The company, once ranked as second largest on the secondary Kosdaq in terms of market capitalization, lost a total of 2.03 trillion won of value in just three trading days.
Business losses were inevitable as the opportunity for Helixmith to get any return on investment on VM202-DPN has been delayed for at most 15 months.
The company added it has five more drug candidates based on the same technology in the pipeline, saying it has enough to start making profits on gene therapies in the near future.
“Kolon Life Science’s Invossa, SillaJen’s Pexa-Vec and our VM202-DPN are the most well-known disappointments in the Korean bio industry,” Kim admitted.
“This series of events show that there are a lot of walls in front of us all that have to be overcome.”
Until recently, the local biopharmaceutical industry has been touted as one of the major growth engines for Korea, and even the government was behind it, selecting the Korean biopharmaceutical and health industry as one of the three major pillars for the future.
President Moon Jae-in announced in May this year that the government will devote more than 4 trillion won per year for research and development (R&D) support so the country achieves a 6 percent market share in the global drug and medical equipment market and exports of more than $50 billion.
But the industry as a whole failed to live up to the promised investment, especially in clinical trials for its companies’ candidate drugs.
Some even commented that Helixmith’s recent crisis is just another SillaJen scandal.
SillaJen halted clinical trials for its Pexa-Vec liver cancer therapy last month after it was told by an independent data monitoring committee that the treatment does not seem to work.
Earlier this month, HLB reported that it could not achieve satisfactory results on its gastric cancer treatment Rivoceranib during a clinical trial.
Invossa, a gene therapy drug for knee osteoarthritis from Kolon Life Science, was found in April to contain a different cell line from what was approved for sale in Korea and for clinical trials in the United States.
The injectable drug is no longer on the shelves in Korea, and U.S. clinical trials remain suspended.
According to the Korea Exchange, the total market capitalization of the Korean biopharmaceutical industry dropped a total 28.9 trillion won, or 21.9 percent, to 102.9 trillion won by Thursday’s close from 131.8 trillion won posted on the first trading day of the year.
The total value for biopharmaceutical companies listed on the tech- and bio-heavy Kosdaq dropped 26.4 percent during the same period.
But hope still remains for the industry, as the latest announcement from Helixmith has cleared some uncertainties for the sector and may serve as a turning point for the remainder of the year.
On the very same day as Helixmith’s bombshell announcement, some companies in the sector reported good news.
Celltrion Healthcare, the subsidiary of Celltrion in charge of the company’s global business, announced Thursday it won the bid in the second quarter this year to sell its anticancer antibody biosimilar Herzuma in a governorate of Iraq.
Herzuma is the second biosimilar for Celltrion, after autoimmune disorder treatment Remsima, to be launched in the region. Remsima is monopolizing the Tunisian infliximab market and has an 80 percent share of the Moroccan market, Celltrion said.
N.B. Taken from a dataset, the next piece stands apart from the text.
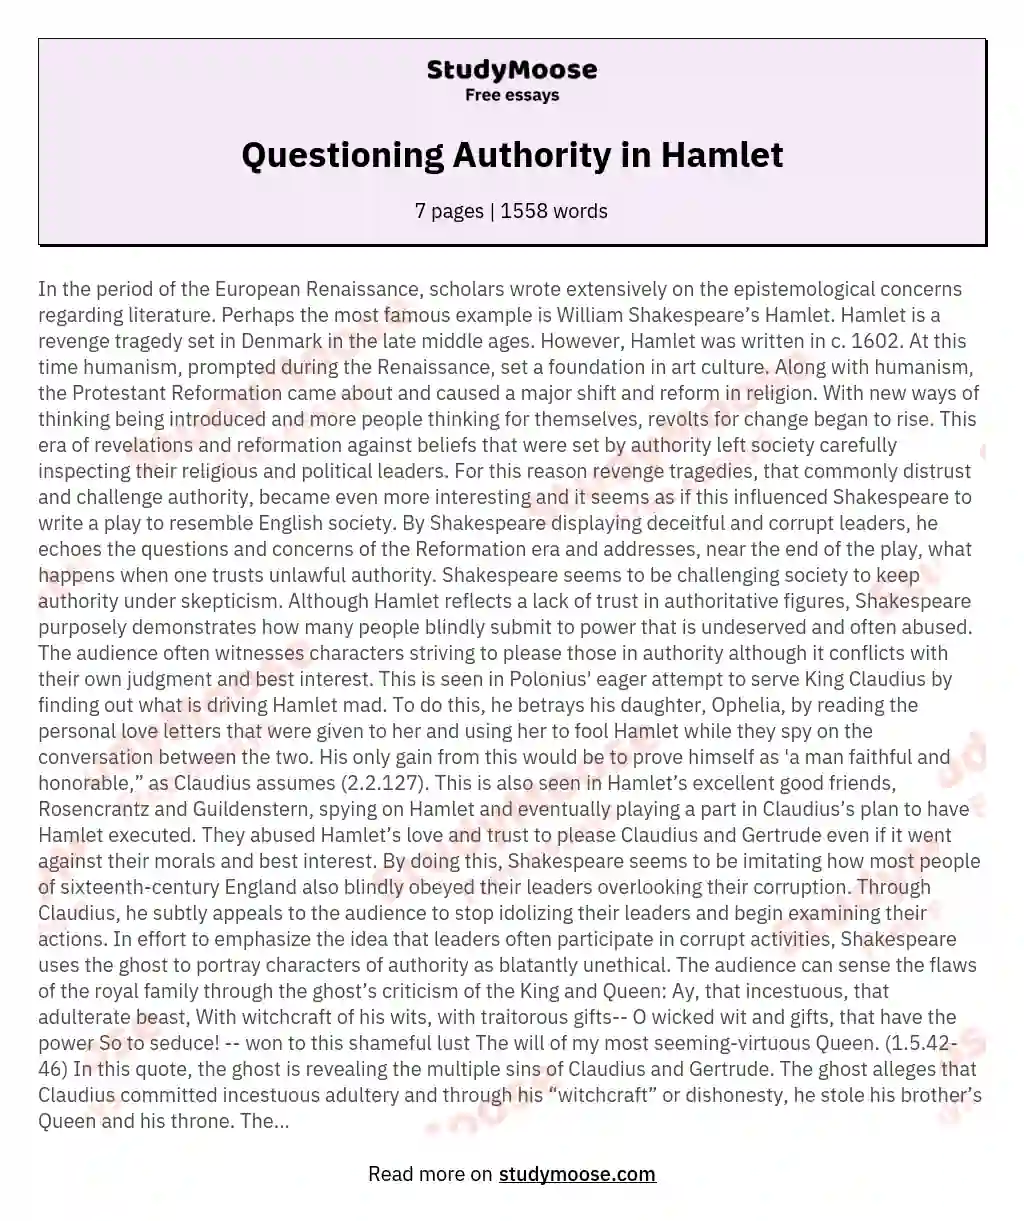 Questioning Authority in Hamlet essay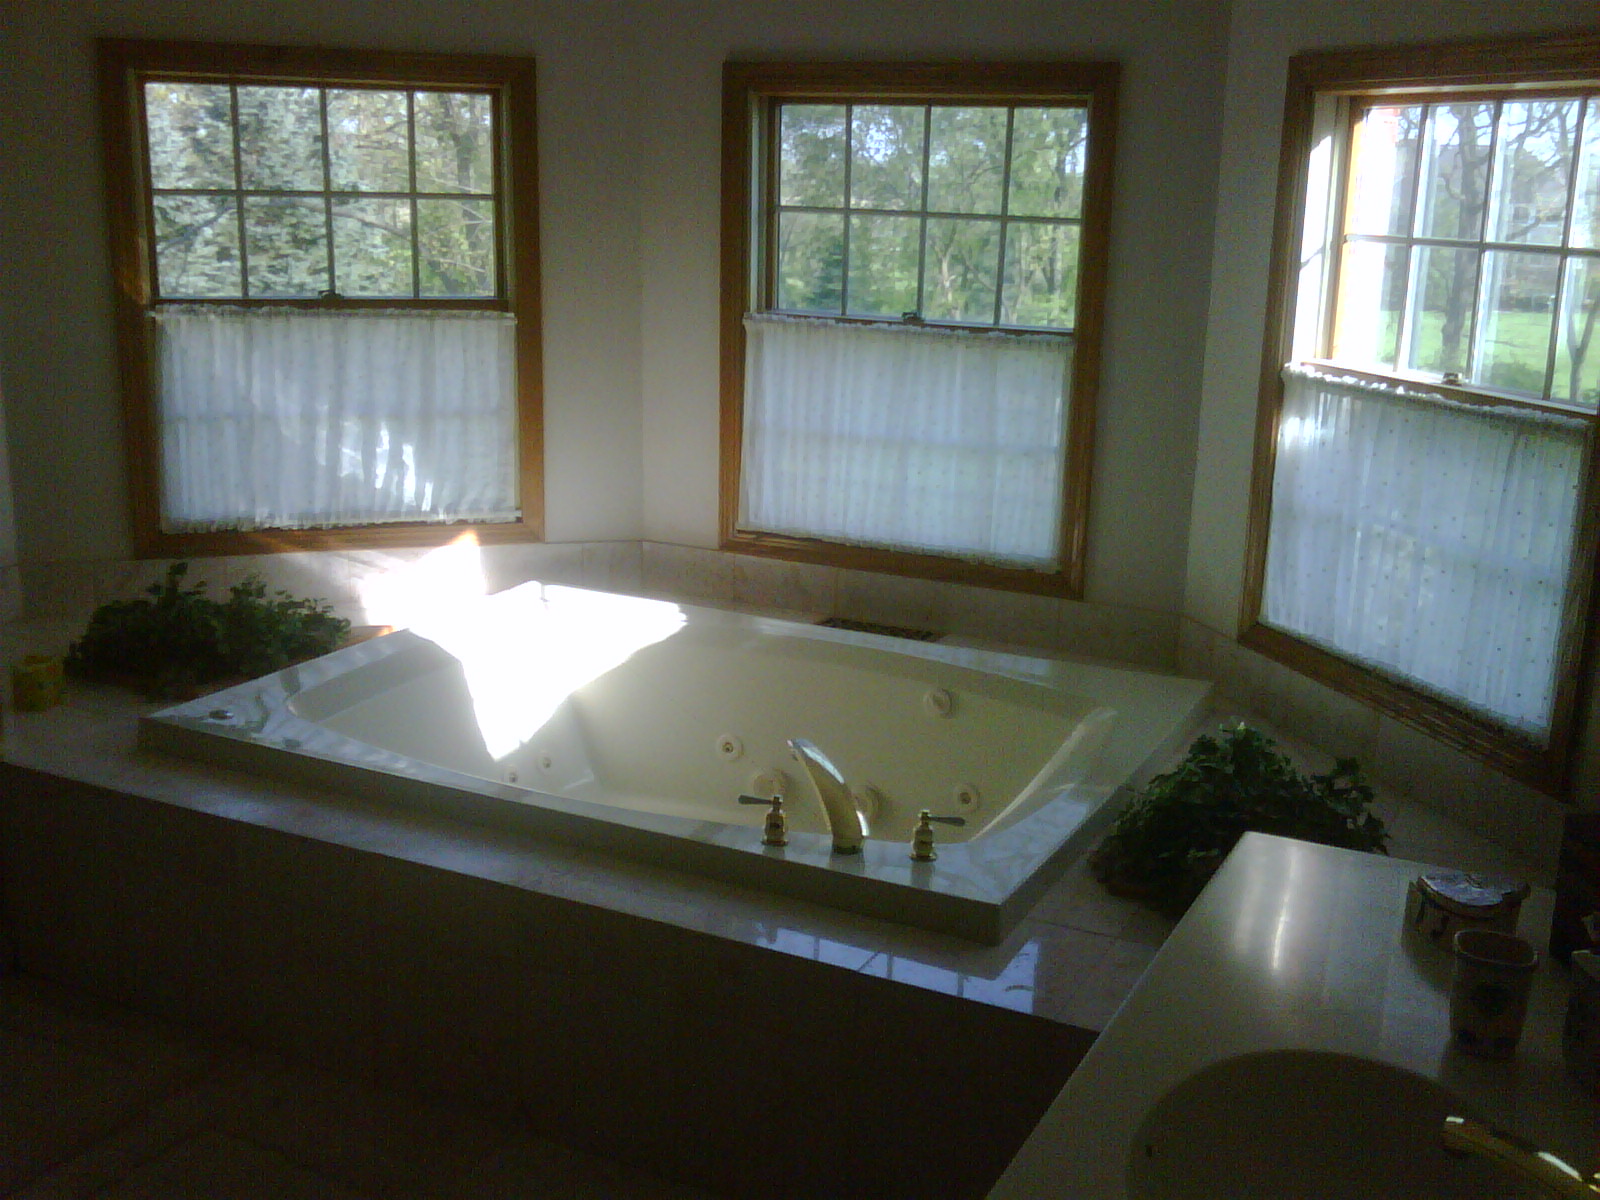 Luxuriate in a new tub

It is a win for the company that has been trying to increase its presence in the Middle East. The company said Hikma, its regional partner, started marketing the drug in the third quarter.
Medytox, another major player in the local biotech sector, is awaiting approval from Chinese regulators for its botulinum toxin Neuronox after the examination was completed last week, according to a report from NH Investment & Securities released Thursday.
Market watchers are confident Neuronox will be approved for manufacturing and sale in the country within the next couple of months.
The company’s shares jumped 8.59 percent to 381,900 won by Thursday’s close.